INSTRUCTIONS FOR THE TASK
Reproduce the listing word for word, leaving every picture behind.
*** INPUT DATA ***
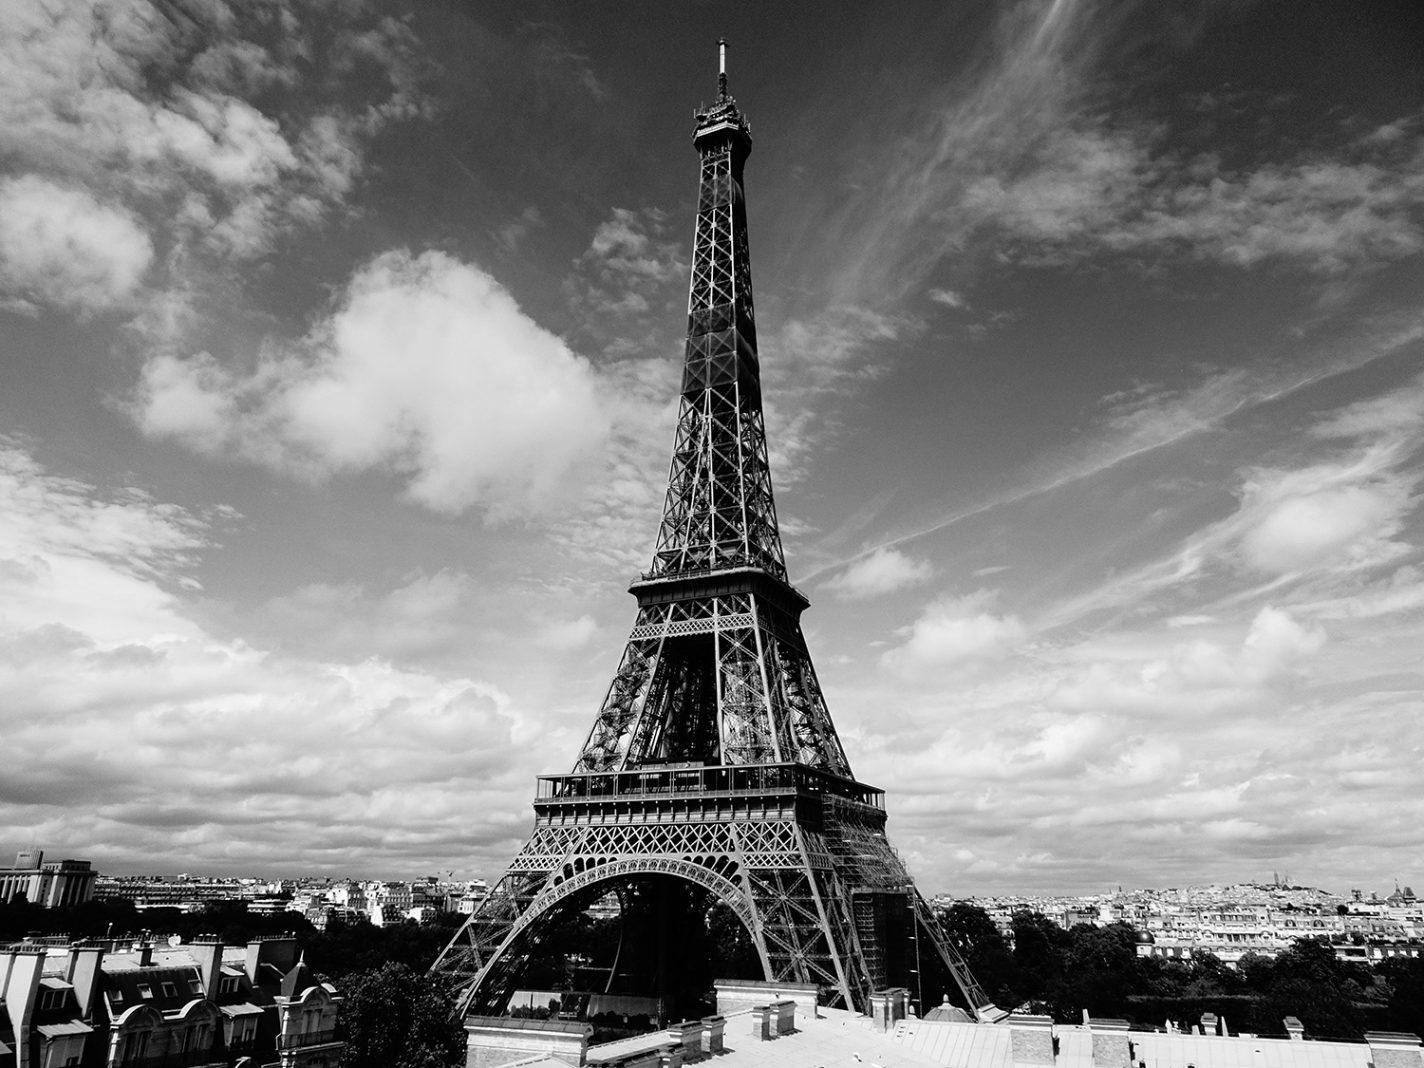 De Eiffeltoren in Parijs - mooiste Europese stad
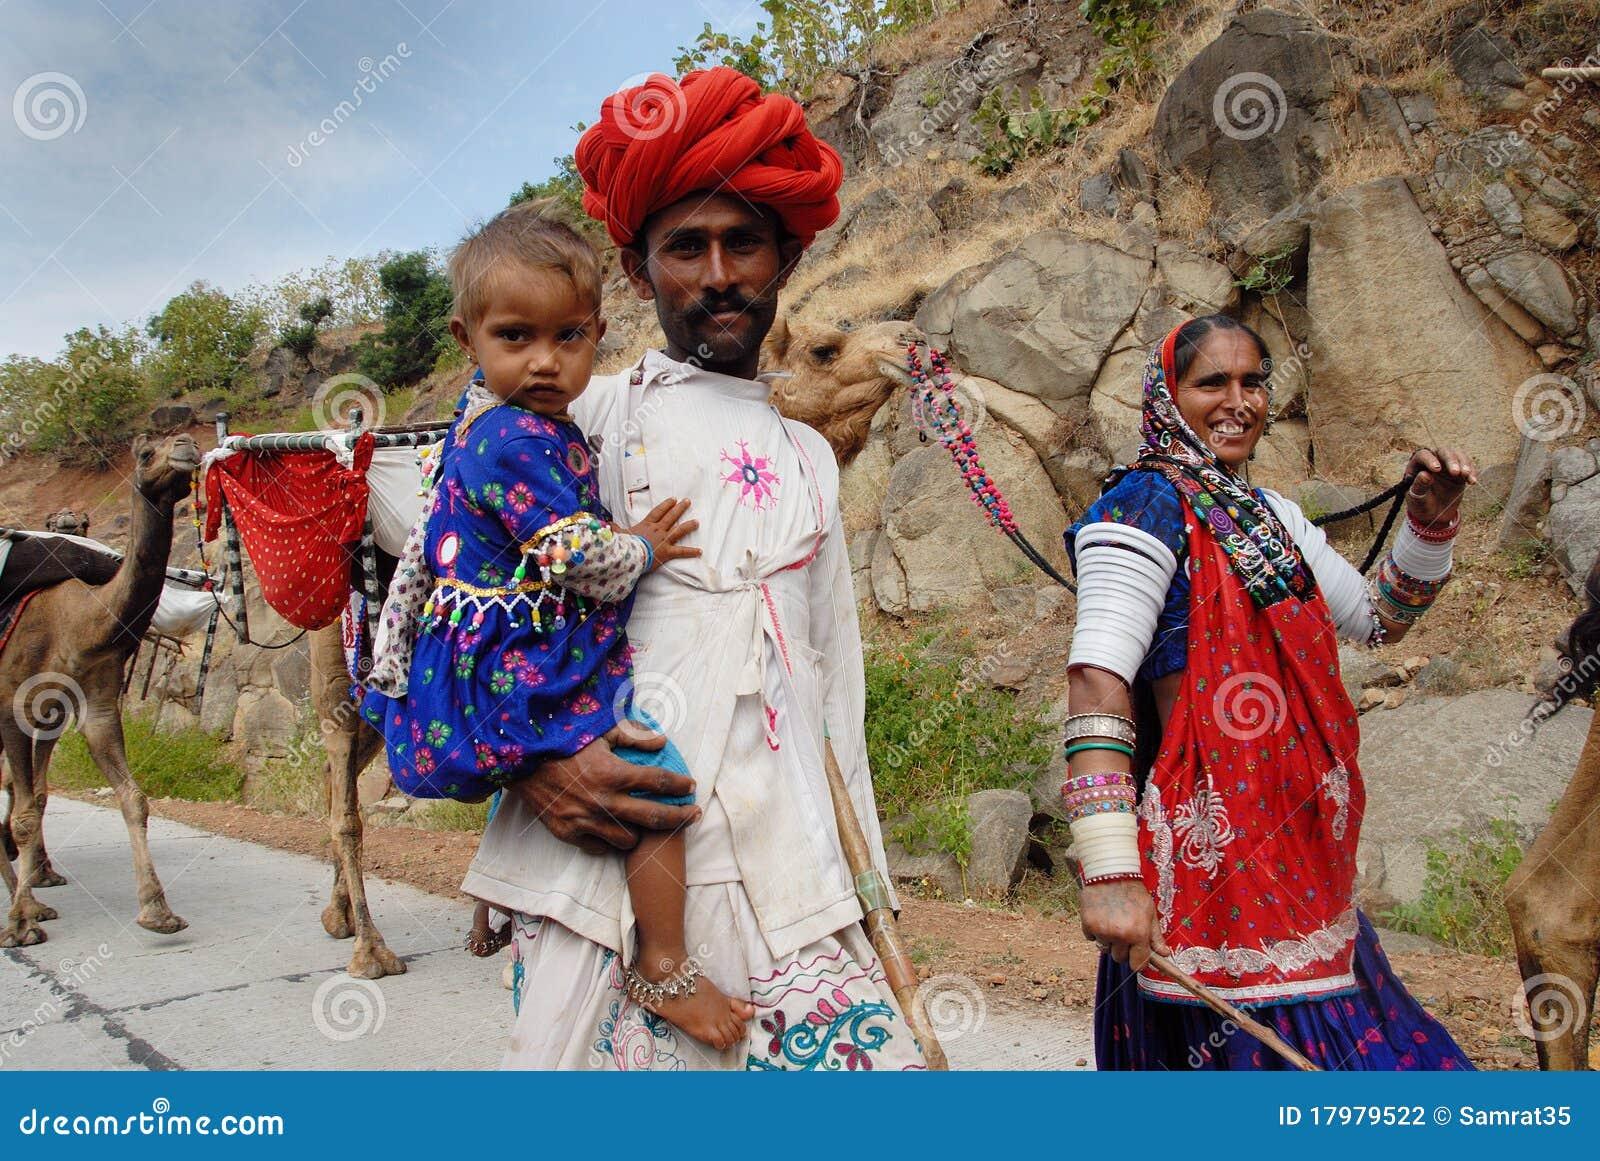 Banjara Tribes in India
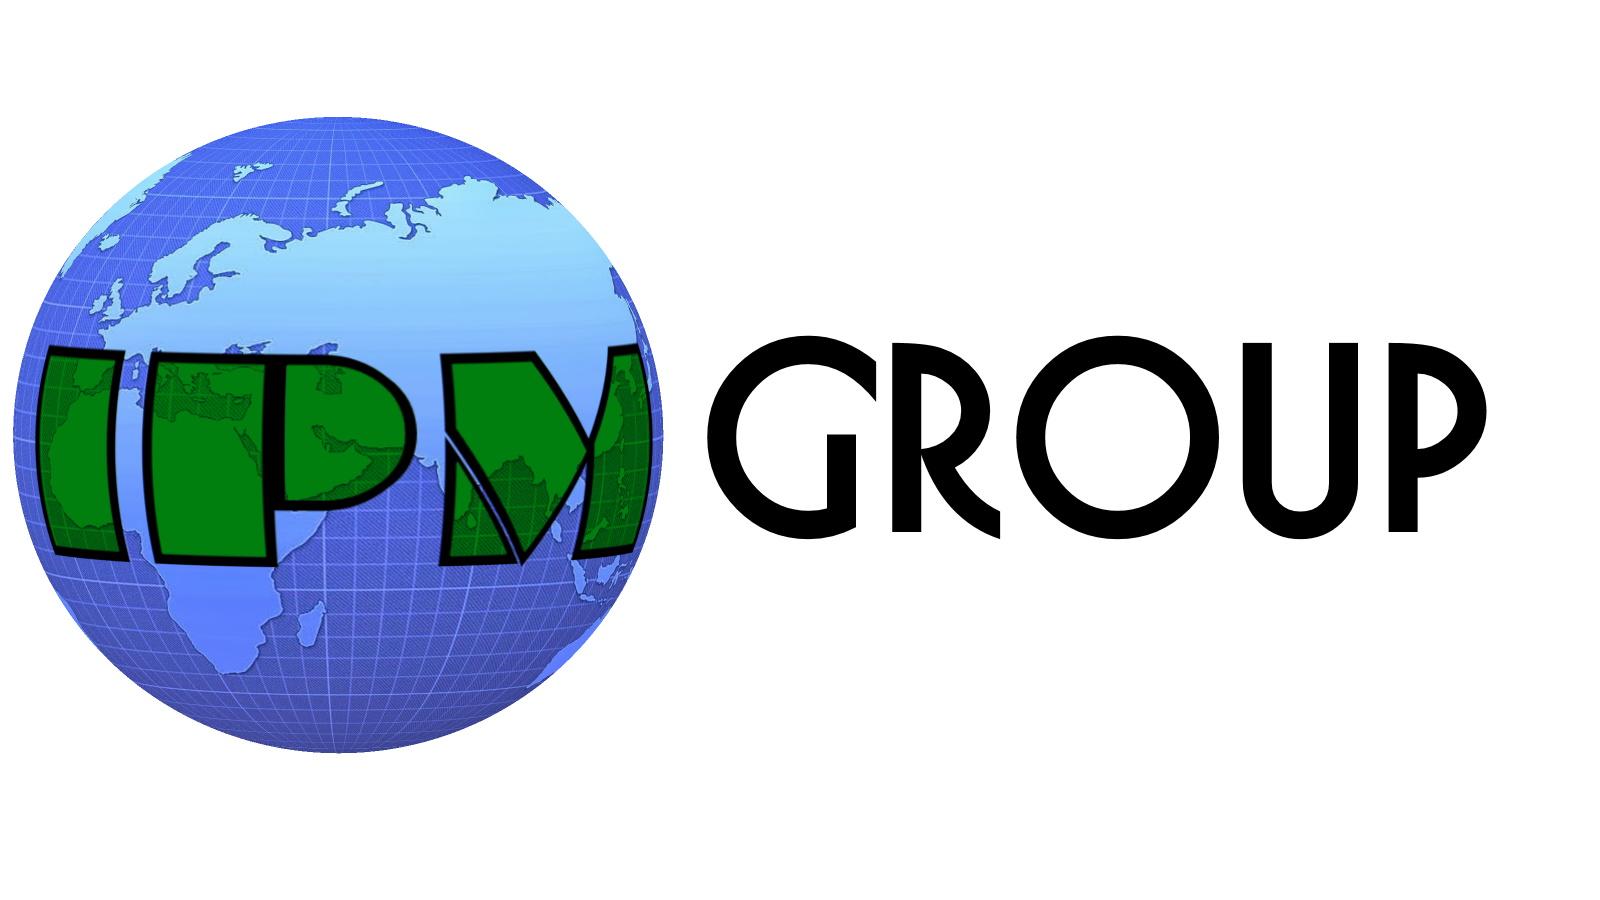 Разработка логотипа для управляющей компании фото f_6405f8423386dd62.jpg
*** End of INPUT DATA ***
WRITTEN SOLUTION
 De Eiffeltoren in Parijs - mooiste Europese stad
 Banjara Tribes in India
 Разработка логотипа для управляющей компании фото f_6405f8423386dd62.jpg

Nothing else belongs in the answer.